3.2 Sentiment Analysis of Movie Genres

The second subsection is sentiment analysis of movie genres. The algorithm used for the sentiment analysis of the tweets using TextBlob is given as follows:

  1. 1.

    Use Tweepy to extract tweets from Twitter.

  2. 2.

    Using hashtags of different genres, tweets are extracted for those genres.

  3. 3.

    Merge all the tweets extracted to prepare a dataset consisting of the username along with the text of the tweet.

  4. 4.

    Pre-processing is done to clean all the non-letters in tweets.

  5. 5.

    Analyze the tweets for sentiment analysis using TextBlob.

  6. 6.

    The polarity of each tweet is then found out as + 1, −1 or 0 and is added to the new dataset.

  7. 7.

    The percentage of positive and negative reviews for each genre is then calculated (Fig. 2).

    Fig. 2
    figure 2

    Flowchart for sentiment analysis starting from extracting Twitter data to the polarity of the genre

The pseudo-code for the sentiment analysis is given below. The code demonstrates the method to find the polarity of the sentiment for a given text of lines. Once the polarity of the text is determined by TextBlob, the outcome of positive and negative reviews in tweets is shown and printed for the results.

4 Dataset Used

For the implementation part, we have used the Movie Dataset from Kaggle [21]. It contains metadata of 45,000 movies present in the Full Movie Lens Dataset. This dataset contains 26 million ratings from users. These are rated are on a scale of 1–5 (Table 2).

Table 2 Dataset used

5 Results

Python language has been used for the implementation of the work. Figure 3 shows the percentage of positive reviews tweeted by Twitter users for each genre. According to the graph, the movies/shows of comedy genre received the highest percentage of positive reviews followed by western, thriller, action, documentary, horror and drama.

Fig. 3
figure 3

Percentage of positive tweets per genre

Figure 4 shows the percentage of negative reviews tweeted by Twitter users for each genre. According to the graph, the movies/shows of the horror genre received the highest percentage of negative reviews followed by thriller, drama, western, action, comedy and documentary. As per the experiment results, the comedy genre is seen to have the highest percentage of positive tweets (66.04%), then western (56.4%), thriller (48.3%), action (47.92%), documentary (40.15%), horror (37%) and drama (23%).
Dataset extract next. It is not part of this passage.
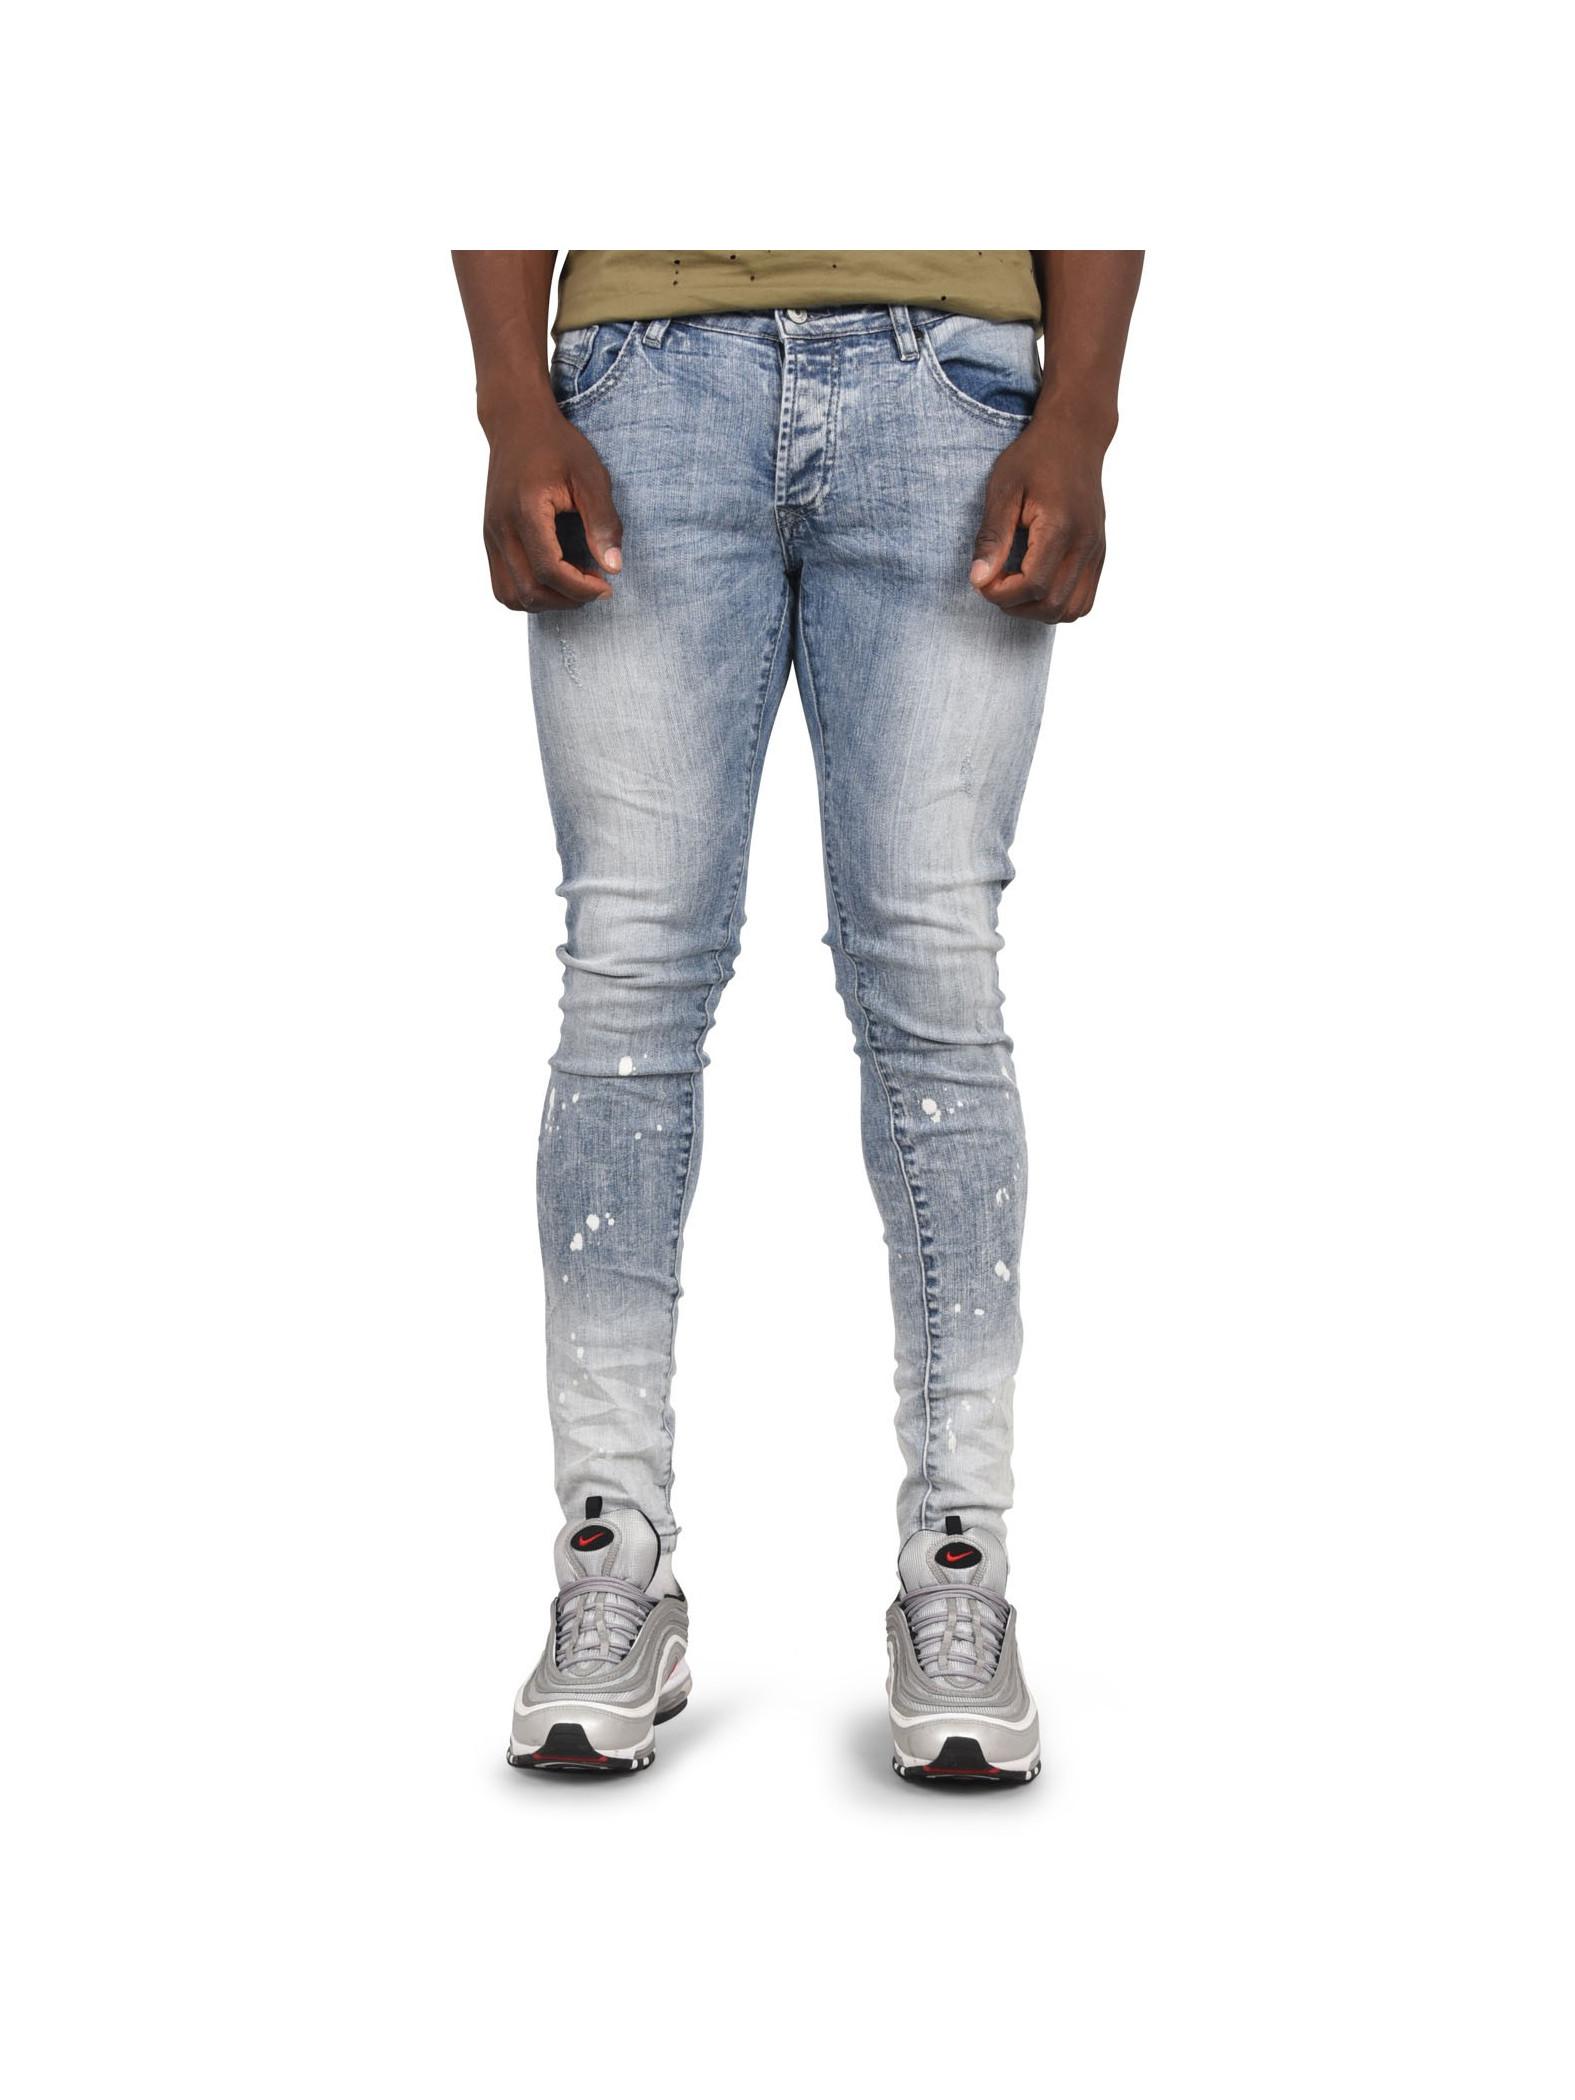 Jean X Project Dye And Tacheté Et Paris Tie Skinny Homme Effet Rxwqz1PR
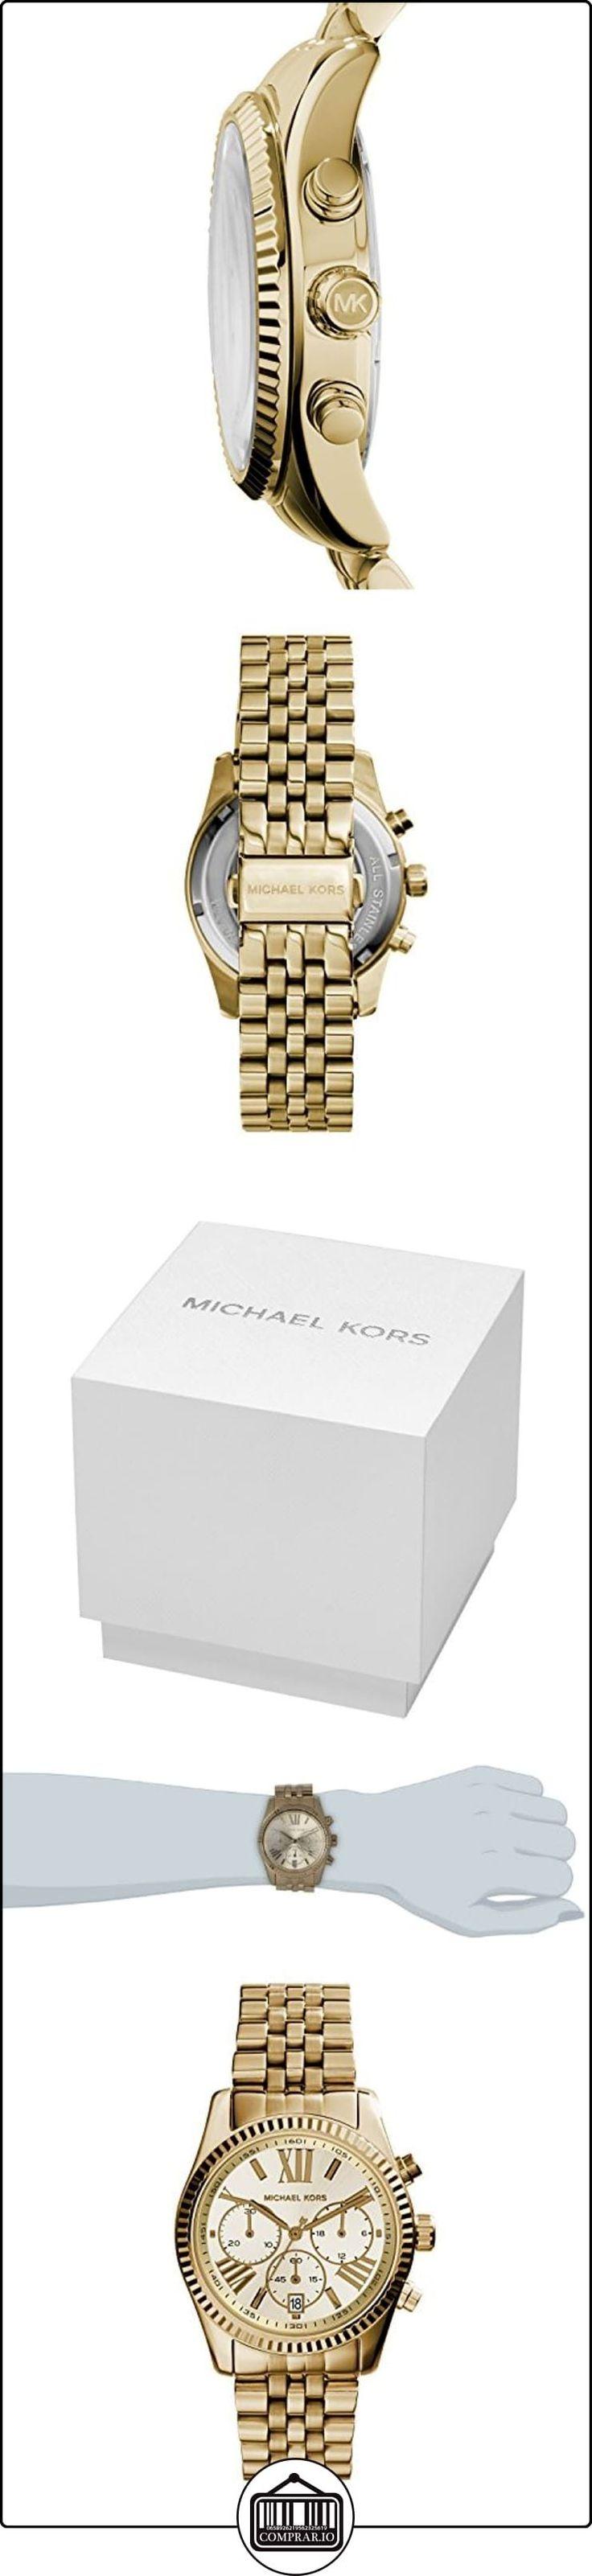 Michael Kors MK5556 - Reloj de cuarzo con correa de acero inoxidable para mujer, color dorado ✿ Relojes para mujer - (Gama media/alta) ✿ #relojmichaelkorshombre #relojmichaelkors #reloj #michaelkors #espana #michaelkorsespana #relojesmk #mkreloj

The horror genre was observed to have the highest percentage of negative reviews (21.2%) followed by thriller (18.5%), drama (12%), western (10.4%), action (10.05%), comedy (8.63%) and documentary (7.57%).

Fig. 4
figure 4

Percentage of negative tweets per genre

Table 3 shows the accuracy, precision and recall corresponding to each of the classification algorithms applied to the dataset.

Table 3 Percentage accuracy, precision and recall of the classification algorithms
$$\mathrm{Accuracy}= \frac{\mathrm{tp}+\mathrm{tn}}{\mathrm{tp}+\mathrm{fp}+\mathrm{tn}+\mathrm{fn}}$$
(5)
$$\mathrm{Precision}= \frac{\mathrm{tp}}{\mathrm{tp}+\mathrm{fp}}$$
(6)
$$\mathrm{Recall}= \frac{\mathrm{tp}}{\mathrm{tp}+\mathrm{fn}}$$
(7)

where tp stands for true positive, tn is true negative, fn is false negative and fp is false positive. The terms positive and negative suggest the classifier’s prediction and the terms true and false allude to whether that prediction belongs to external judgment or observation.

Figure 5 displays the accuracy for each algorithm applied. We can see that the highest accuracy is obtained by using binary relevance plus Gaussian NB algorithm followed by one-versus-rest + SVC, label powerset + logistic regression and One-versus-rest + logistic regression.

Fig. 5
figure 5

Comparison of algorithms

6 Conclusion

In this work, we have done classification of movies into various genres. Further, sentiment analysis of the tweets is done using TextBlob. The Movie dataset is used for the experimentation work. We have used different supervised learning algorithms on the dataset and got the best accuracy using binary relevance + Gaussian NB (85.33%). The comedy genre was observed to have the highest percentage of positive tweets, whereas the horror genre was observed to have the highest percentage of negative reviews. The trends analysis shows that people like comedy shows/movies more than any other genre. It also shows that people are generally more critical of horror movies/tv shows.